MATERIAL FOR THE TASK:
----------------
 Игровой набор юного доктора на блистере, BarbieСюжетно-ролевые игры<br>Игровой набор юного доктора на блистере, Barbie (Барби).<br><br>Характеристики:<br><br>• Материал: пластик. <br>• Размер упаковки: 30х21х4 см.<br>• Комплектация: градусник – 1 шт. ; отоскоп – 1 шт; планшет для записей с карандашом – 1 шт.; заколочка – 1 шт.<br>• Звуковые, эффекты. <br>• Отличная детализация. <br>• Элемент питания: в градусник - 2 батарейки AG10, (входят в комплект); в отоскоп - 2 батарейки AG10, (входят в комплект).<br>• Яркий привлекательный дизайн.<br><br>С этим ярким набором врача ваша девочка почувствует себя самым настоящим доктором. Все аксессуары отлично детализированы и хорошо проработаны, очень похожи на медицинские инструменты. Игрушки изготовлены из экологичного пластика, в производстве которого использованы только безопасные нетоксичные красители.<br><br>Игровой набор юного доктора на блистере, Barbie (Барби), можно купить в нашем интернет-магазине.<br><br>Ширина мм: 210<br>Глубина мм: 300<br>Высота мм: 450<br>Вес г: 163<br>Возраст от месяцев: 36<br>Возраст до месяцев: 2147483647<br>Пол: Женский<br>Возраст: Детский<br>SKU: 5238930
----------------
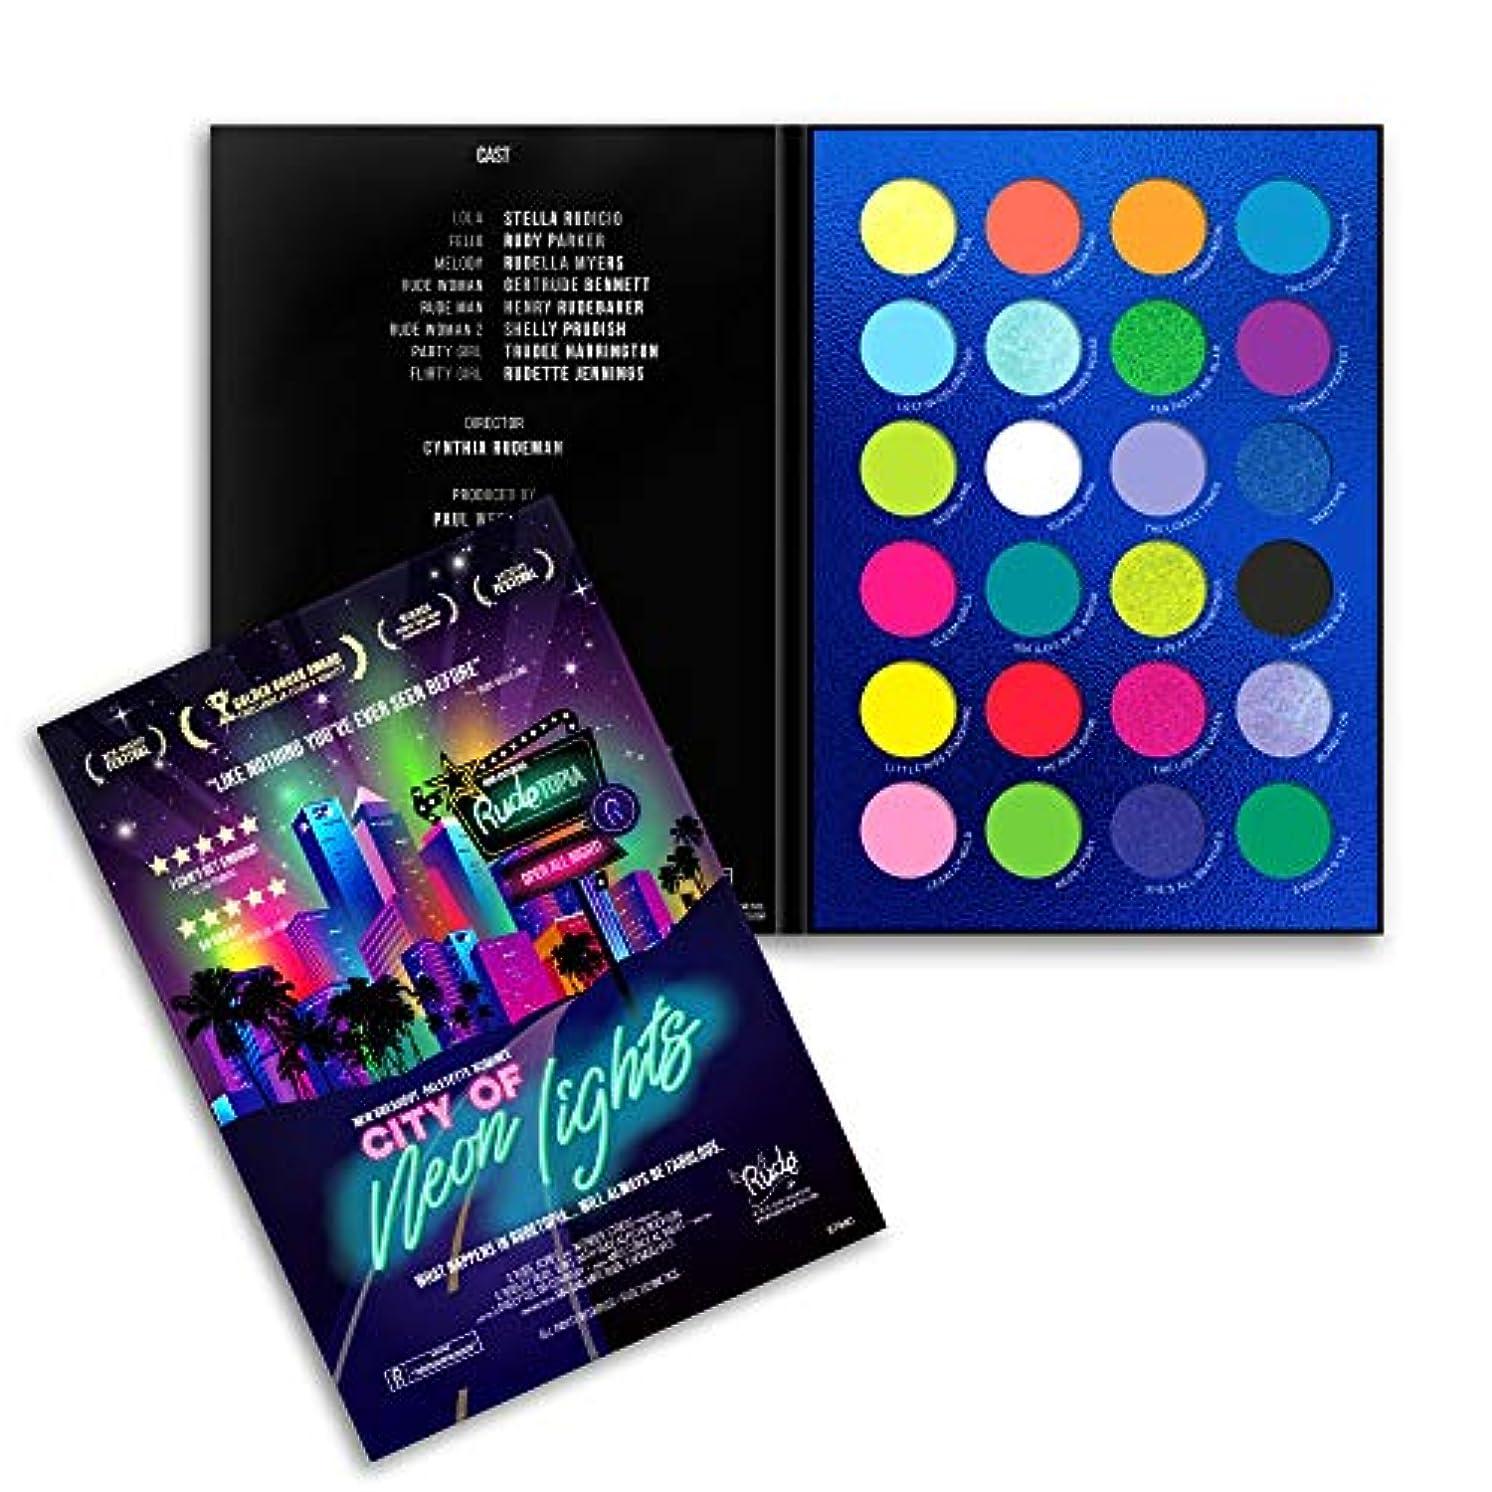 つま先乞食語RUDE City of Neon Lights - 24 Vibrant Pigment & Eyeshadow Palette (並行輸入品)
----------------
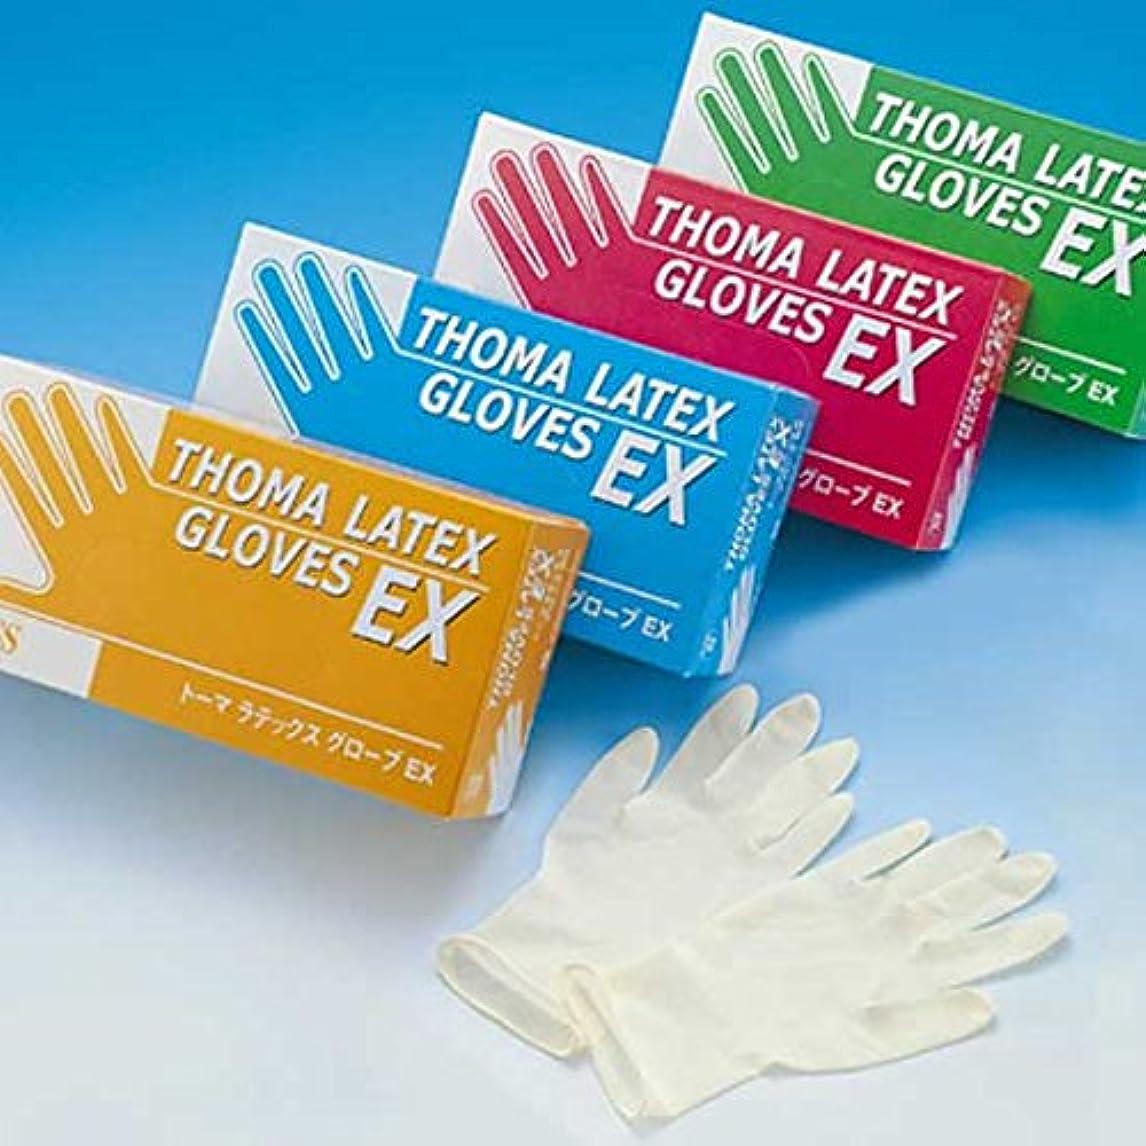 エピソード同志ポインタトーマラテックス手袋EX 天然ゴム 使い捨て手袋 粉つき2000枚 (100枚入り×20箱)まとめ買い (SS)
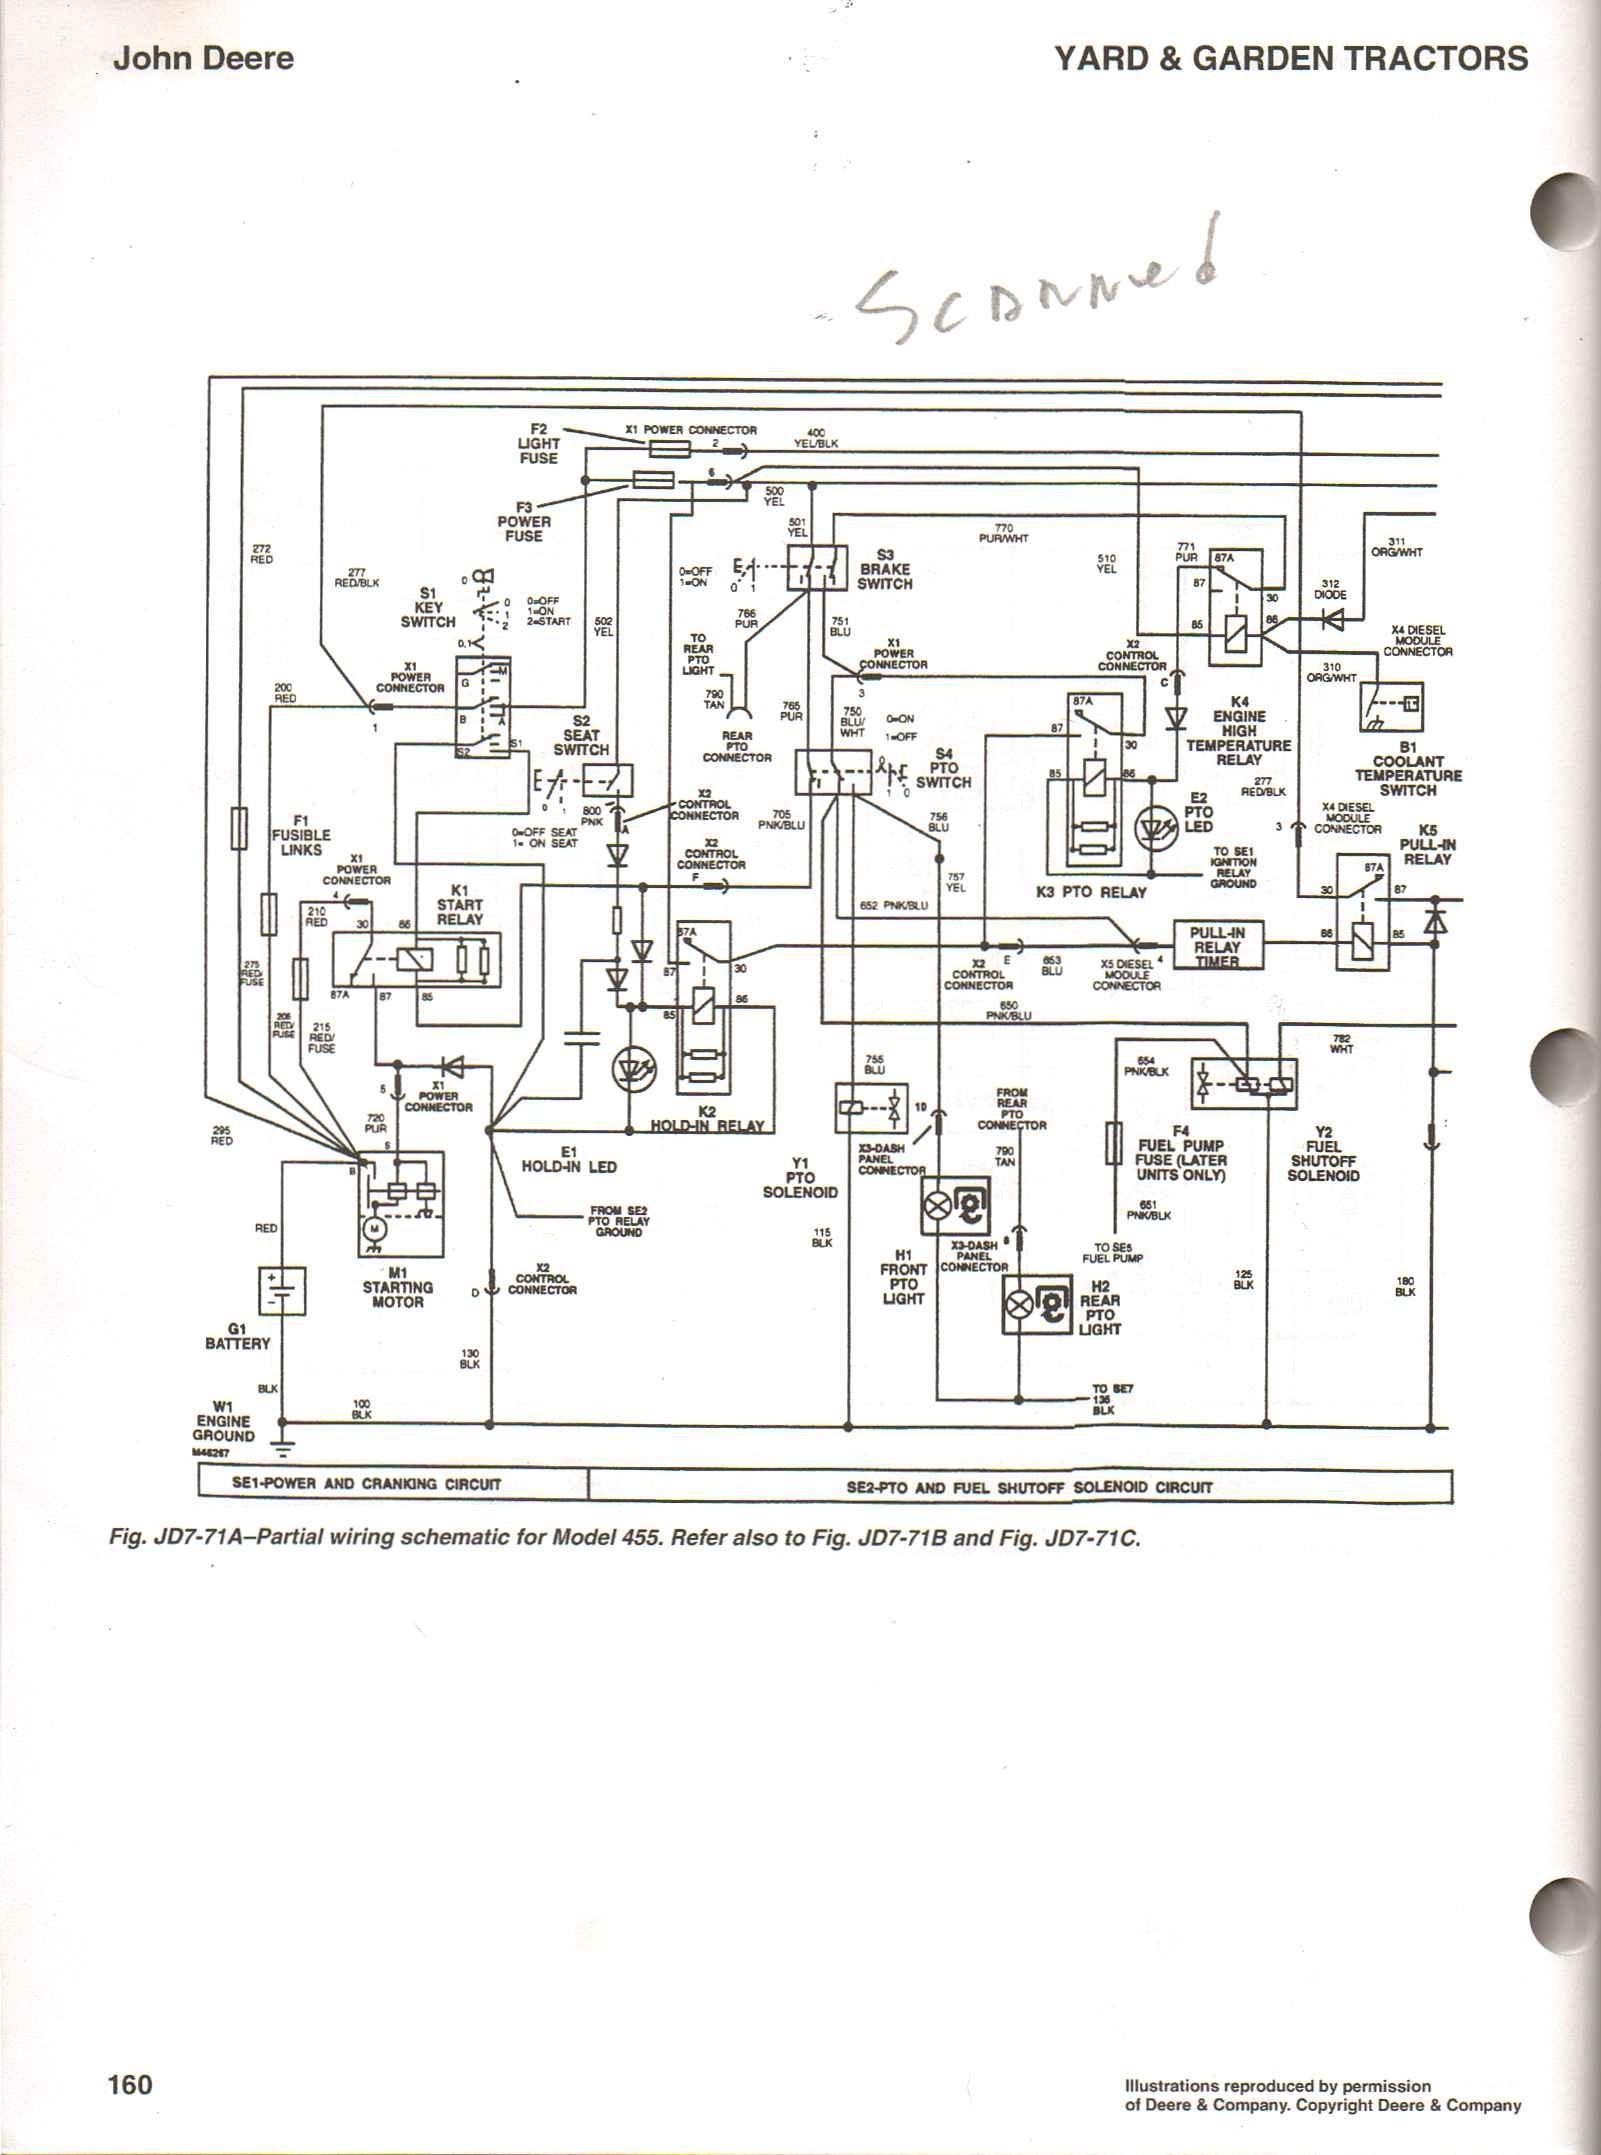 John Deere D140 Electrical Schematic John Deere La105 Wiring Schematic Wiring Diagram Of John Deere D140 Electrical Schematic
----------------
EXERCISE DESCRIPTION:
The lines to set down run from the line with "エピソード同志ポインタトーマラテックス手袋EX 天然ゴム 使い捨て手袋" up to and including the line with "John Deere D140 Electrical Schematic John" in the entries above. Reproduce them exactly, with no pictures.

RESPONSE TO THE EXERCISE:
 エピソード同志ポインタトーマラテックス手袋EX 天然ゴム 使い捨て手袋 粉つき2000枚 (100枚入り×20箱)まとめ買い (SS)
 John Deere D140 Electrical Schematic John Deere La105 Wiring Schematic Wiring Diagram Of John Deere D140 Electrical Schematic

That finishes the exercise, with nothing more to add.